Task prompt
Your copy begins at the line with "Wish Sarı Şortlu Takım" and runs through the end of the data below. Set down only those lines exactly, without pictures.

Information provided

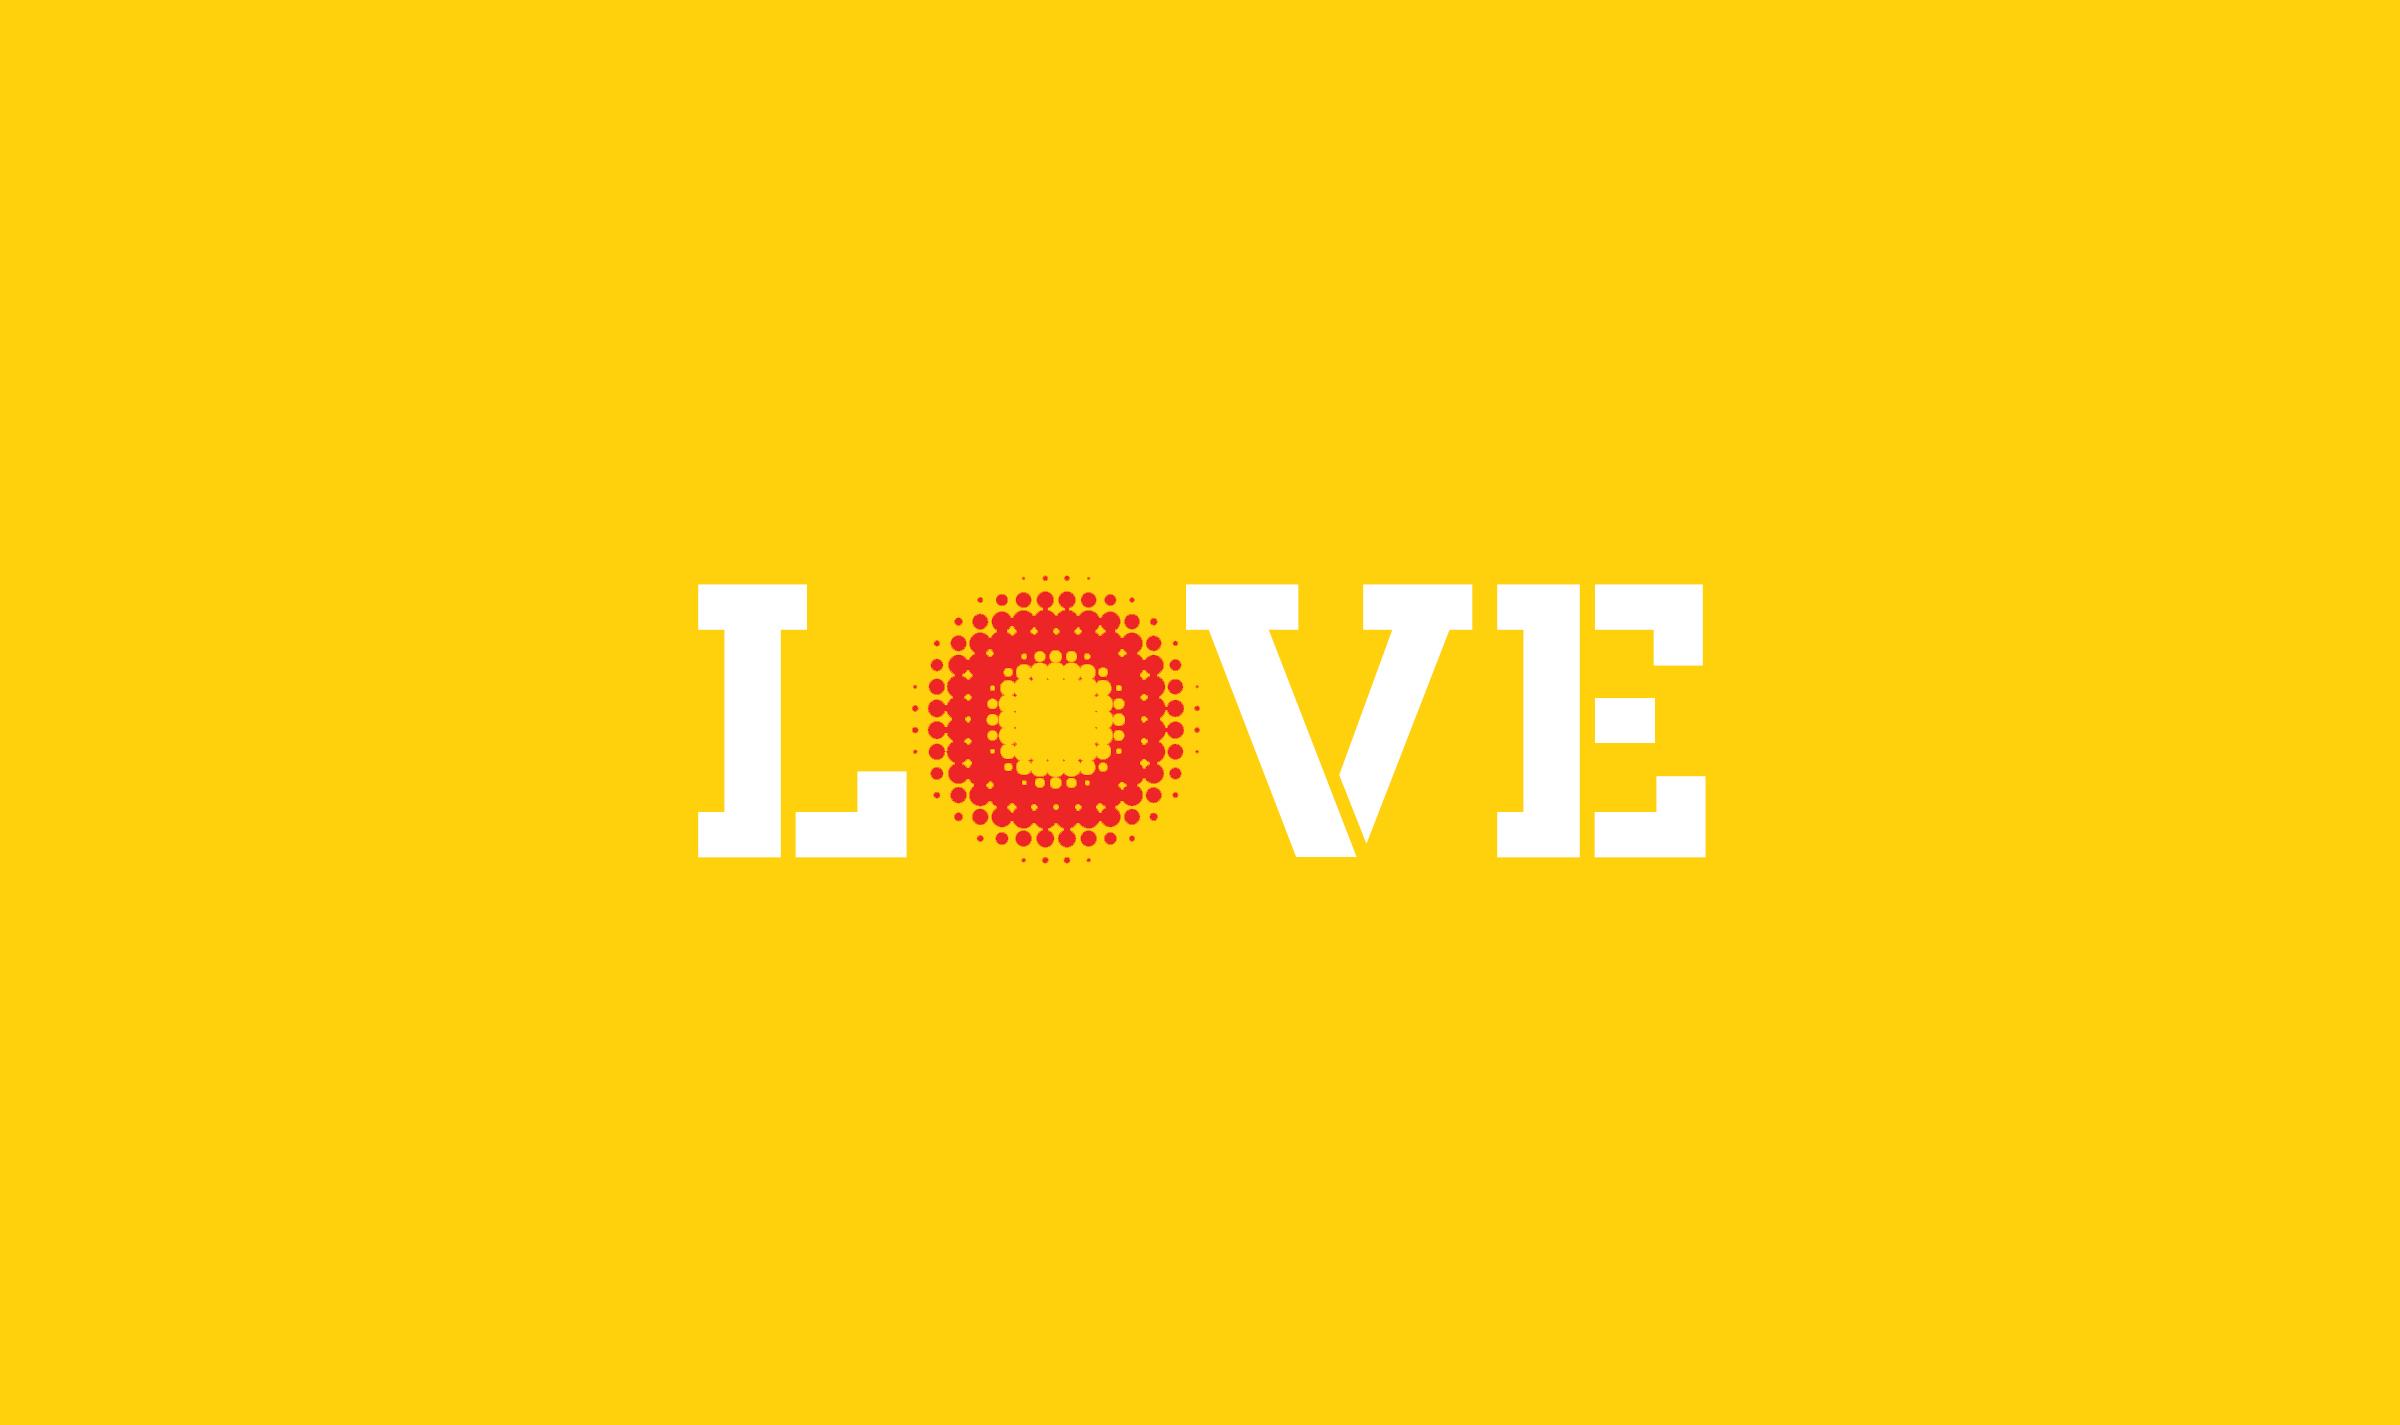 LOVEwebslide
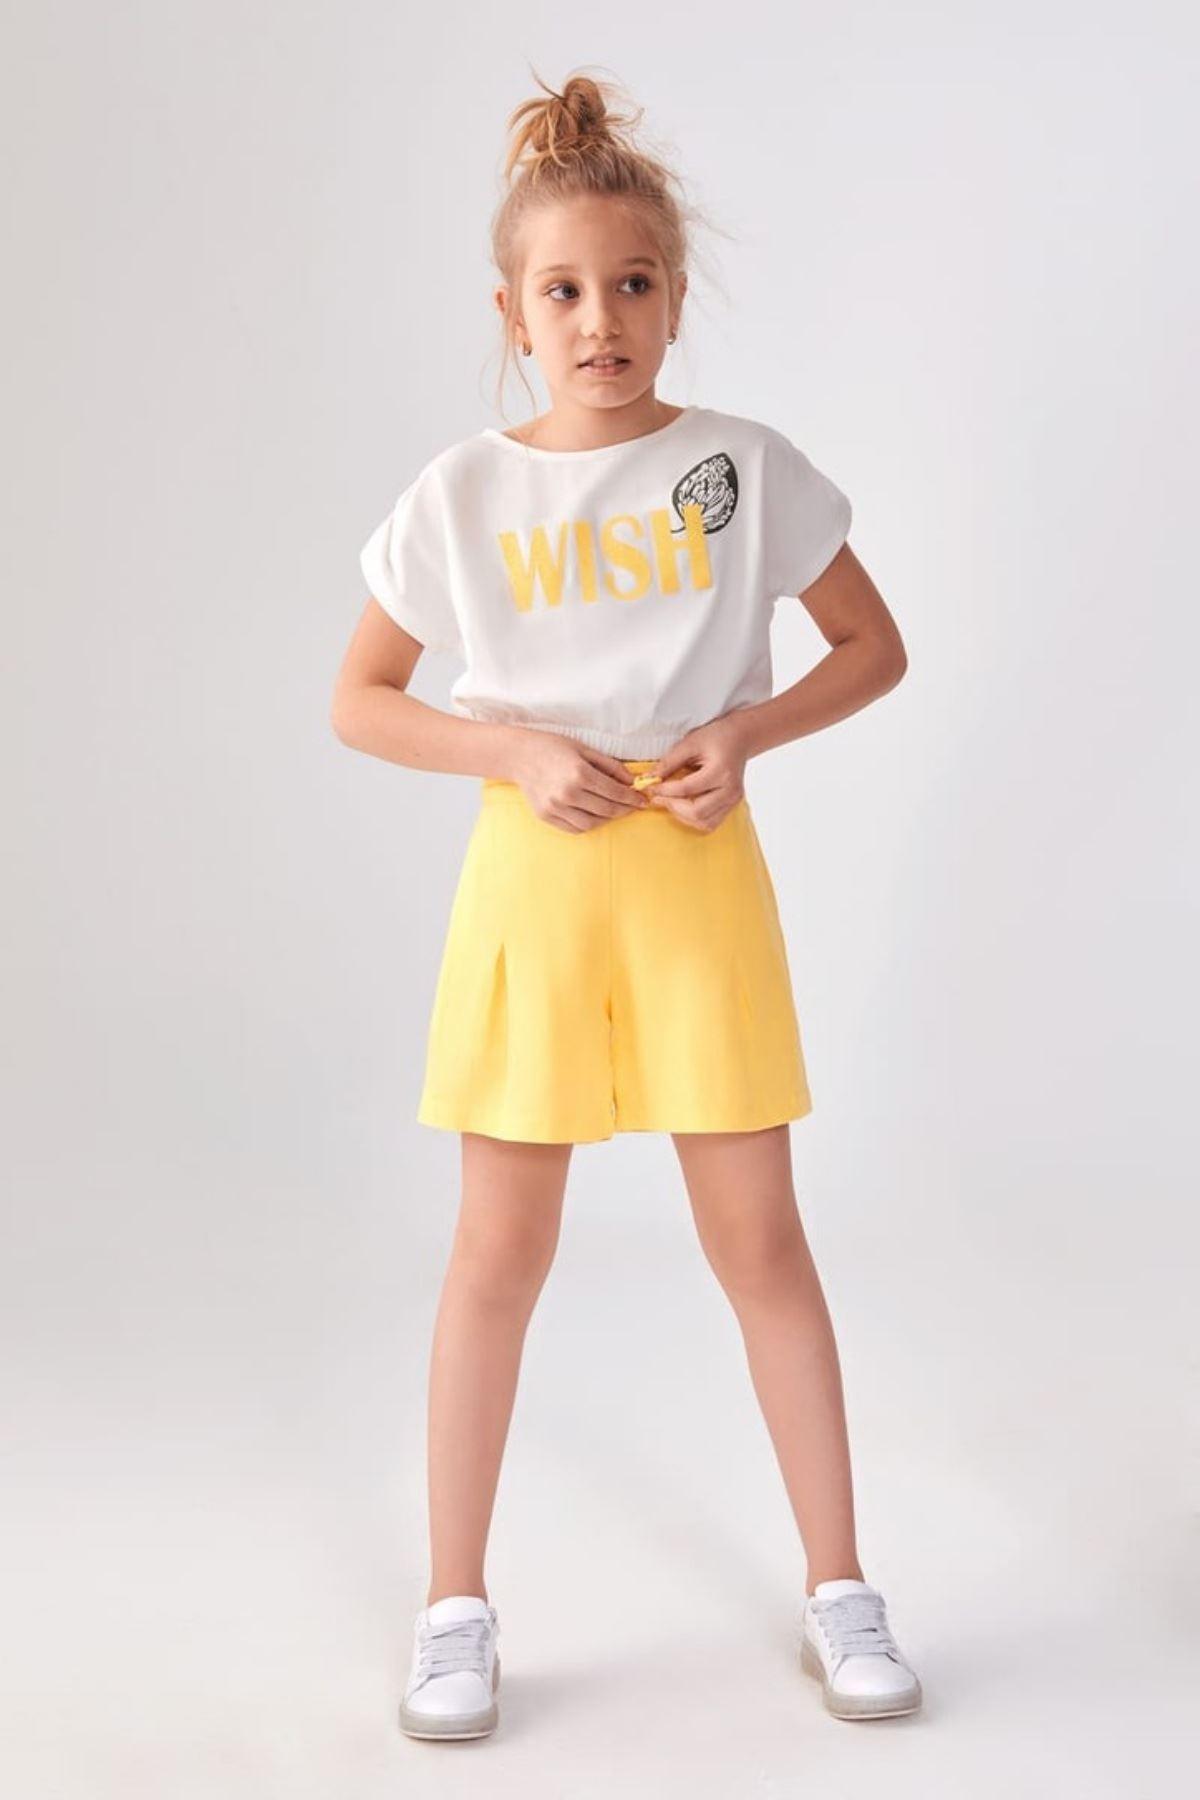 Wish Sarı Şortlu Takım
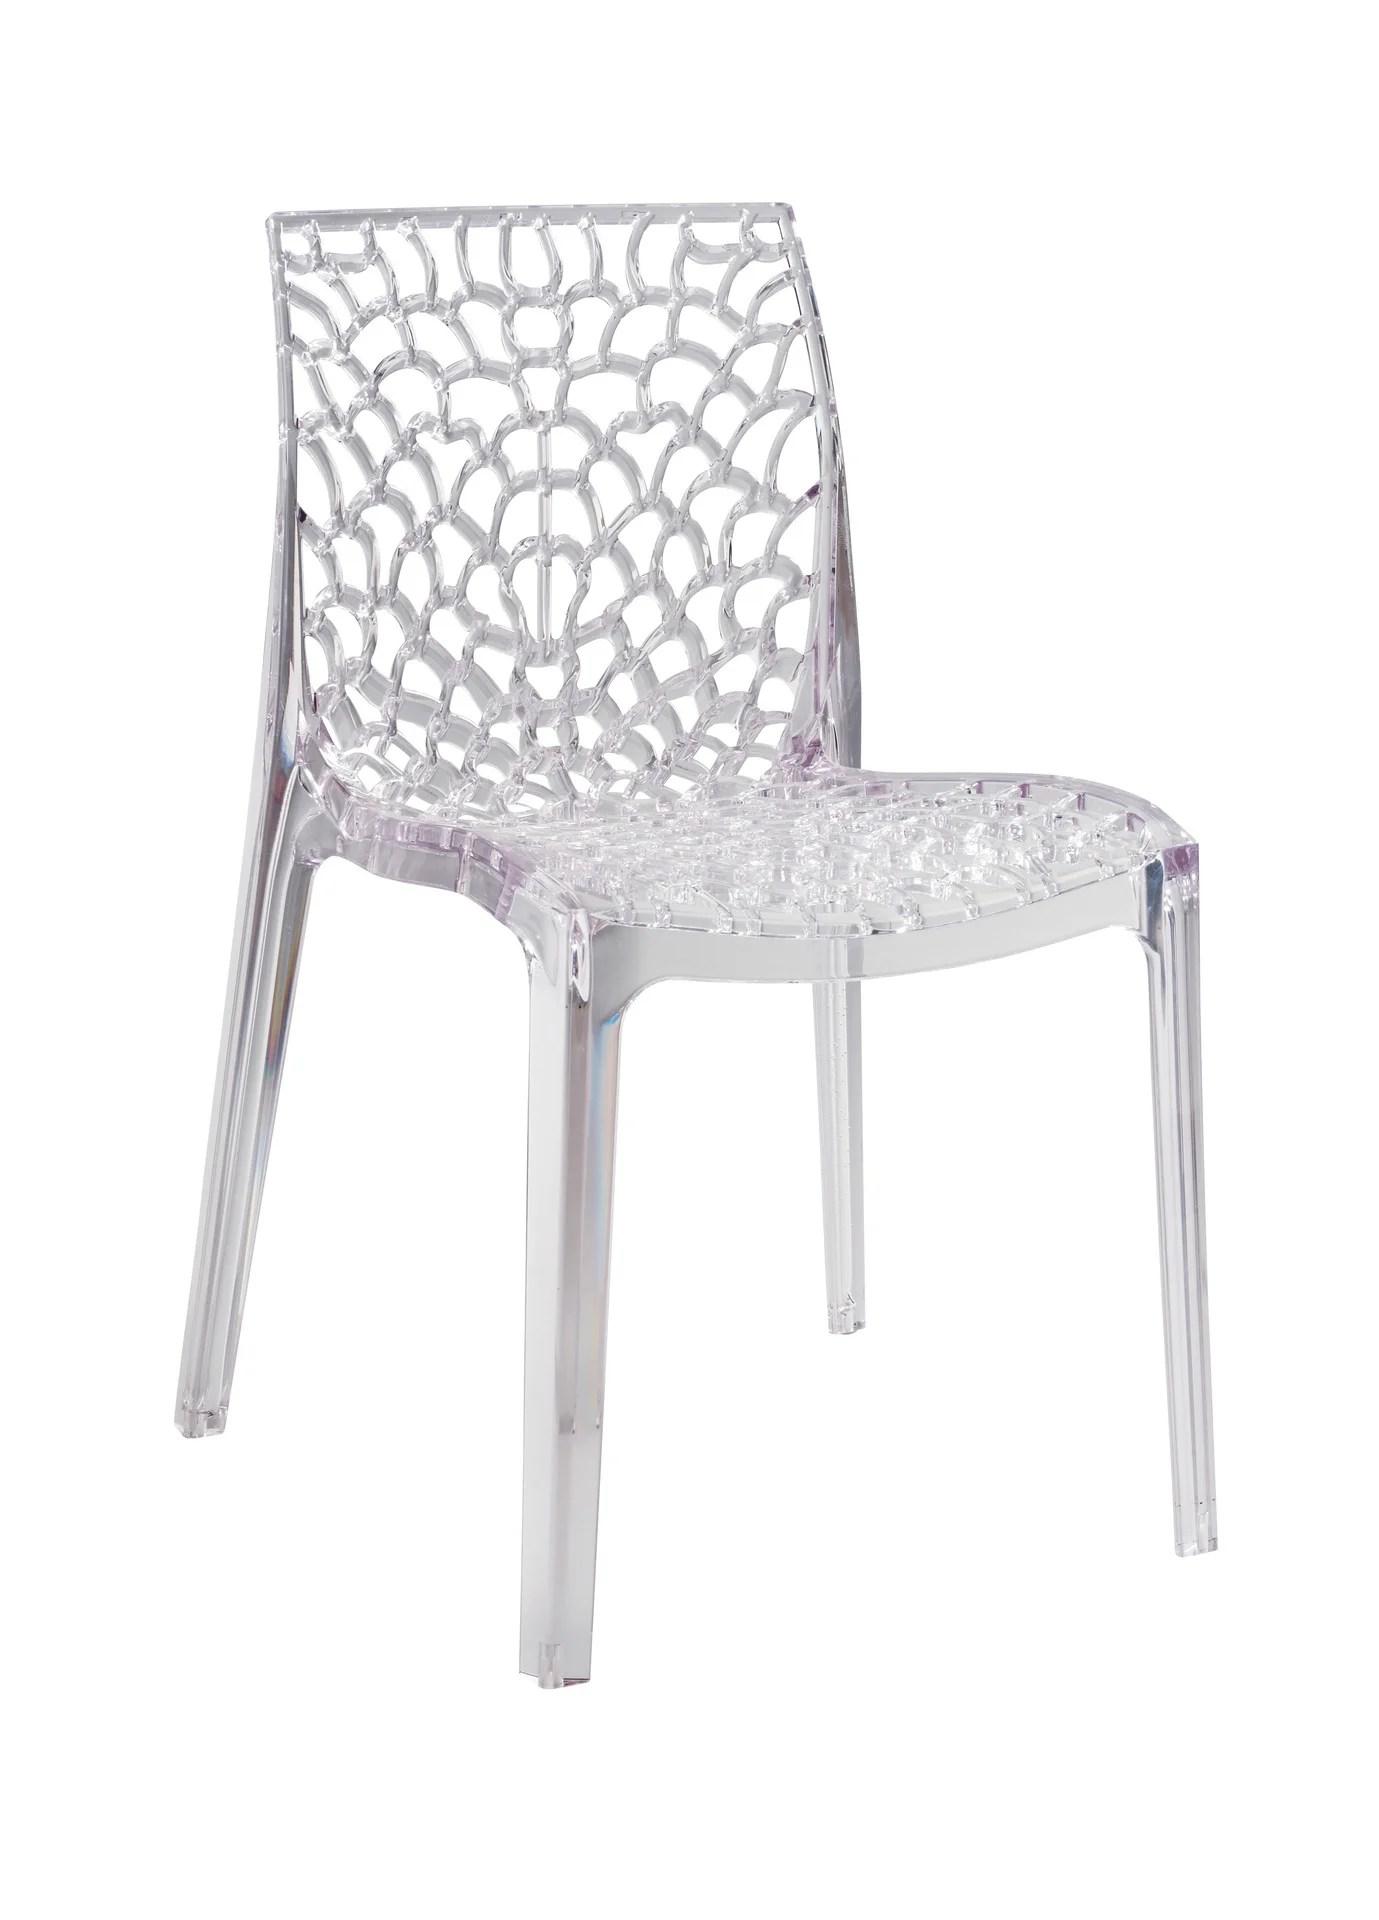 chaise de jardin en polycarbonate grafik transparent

Finished exercise
 Wish Sarı Şortlu Takım
 chaise de jardin en polycarbonate grafik transparent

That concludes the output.